SEC. 403. Fair treatment of Medicare part B billing codes for the prescribing of biosimilars.

Section 1847A of the Social Security Act (42 U.S.C. 1395w–3a) is amended by adding at the end the following new subsection:

“(h) Use of certain codes.—Notwithstanding any previous provision of this section, for purposes of payment of biological biosimilar product the Secretary of Health and Human Services shall assign a uniform Common Procedure System code to describe all such products that share a common reference product.”.

SEC. 501. Chief Pharmaceutical Negotiator in the Office of the United States Trade Representative.

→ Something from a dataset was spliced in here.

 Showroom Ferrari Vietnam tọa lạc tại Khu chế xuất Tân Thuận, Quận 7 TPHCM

(a) In general.—Section 141 of the Trade Act of 1974 (19 U.S.C. 2171) is amended—

(1) in subsection (b)(2)—

(A) by striking “and one Chief Innovation and Intellectual Property Negotiator” and inserting “one Chief Innovation and Intellectual Property Negotiator, and one Chief Pharmaceutical Negotiator”;

(B) by striking “or the Chief Innovation and Intellectual Property Negotiator” and inserting “the Chief Innovation and Intellectual Property Negotiator, or the Chief Pharmaceutical Negotiator”; and

(C) by striking “and the Chief Innovation and Intellectual Property Negotiator” and inserting “the Chief Innovation and Intellectual Property Negotiator, and the Chief Pharmaceutical Negotiator”; and

(2) in subsection (c), by adding at the end the following new paragraph:

“(7) The principal function of the Chief Pharmaceutical Negotiator shall be to conduct trade negotiations and to enforce trade agreements relating to United States pharmaceutical products and services. The Chief Pharmaceutical Negotiator shall be a vigorous advocate on behalf of United States pharmaceutical interests, including patients and United States pharmaceutical workers. The Chief Pharmaceutical Negotiator shall perform such other functions as the United States Trade Representative may direct.”.

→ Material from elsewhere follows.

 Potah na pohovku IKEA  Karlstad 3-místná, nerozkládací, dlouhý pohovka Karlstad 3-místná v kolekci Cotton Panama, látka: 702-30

(b) Compensation.—Section 5314 of title 5, United States Code is amended by striking “Chief Innovation and Intellectual Property Negotiator, Office of the United States Trade Representative.” and inserting the following:

“ Chief Innovation and Intellectual Property Negotiator, Office of the United States Trade Representative.

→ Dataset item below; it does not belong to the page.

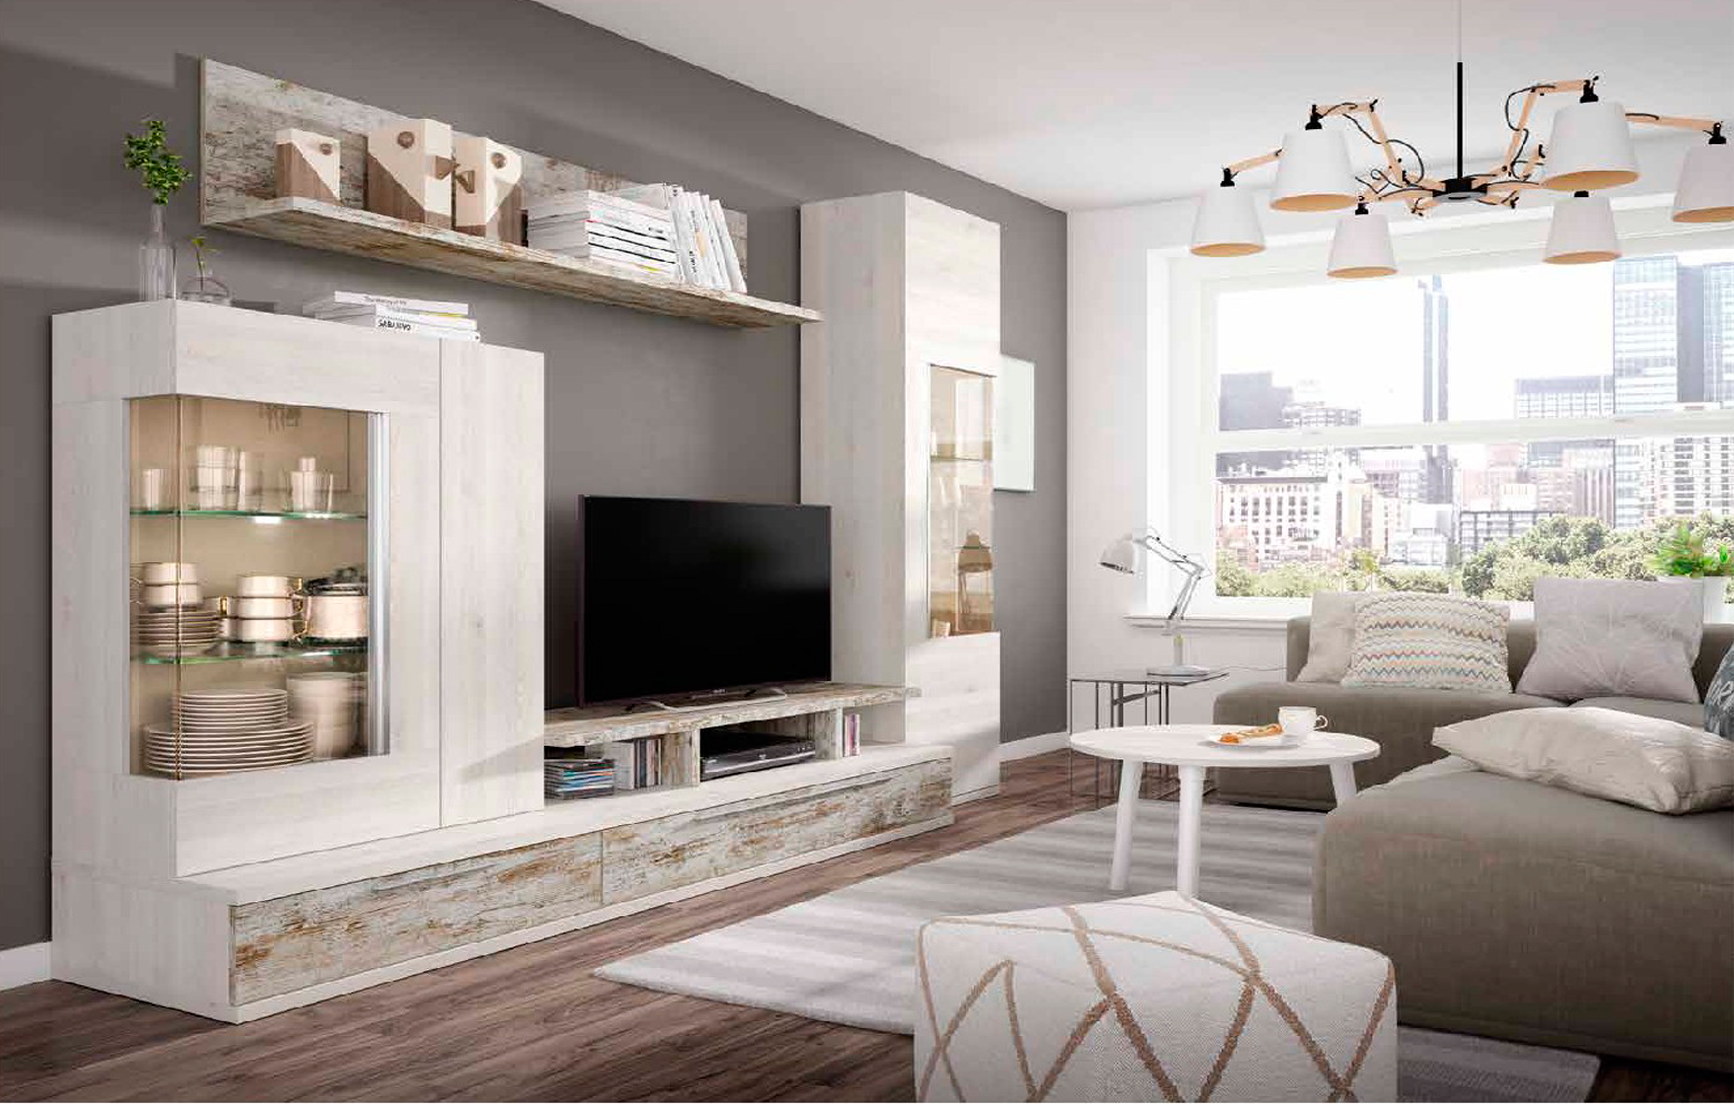 Mueble de sal n blanco nordic y vintage muebles adama for Factory de muebles en madrid

“ Chief Pharmaceutical Negotiator, Office of the United States Trade Representative.”.

(c) Report required.—Not later than one year after the appointment of the first Chief Pharmaceutical Negotiator pursuant to paragraph (2) of section 141(b) of the Trade Act of 1974, as amended by subsection (a), and annually thereafter, the United States Trade Representative shall submit to the Committee on Finance of the Senate and the Committee on Ways and Means of the House of Representatives a report describing in detail—

(1) enforcement actions taken by the Trade Representative during the one-year period preceding the submission of the report to ensure the protection of United States pharmaceutical products and services; and

(2) other actions taken by the Trade Representative to advance United States pharmaceutical products and services.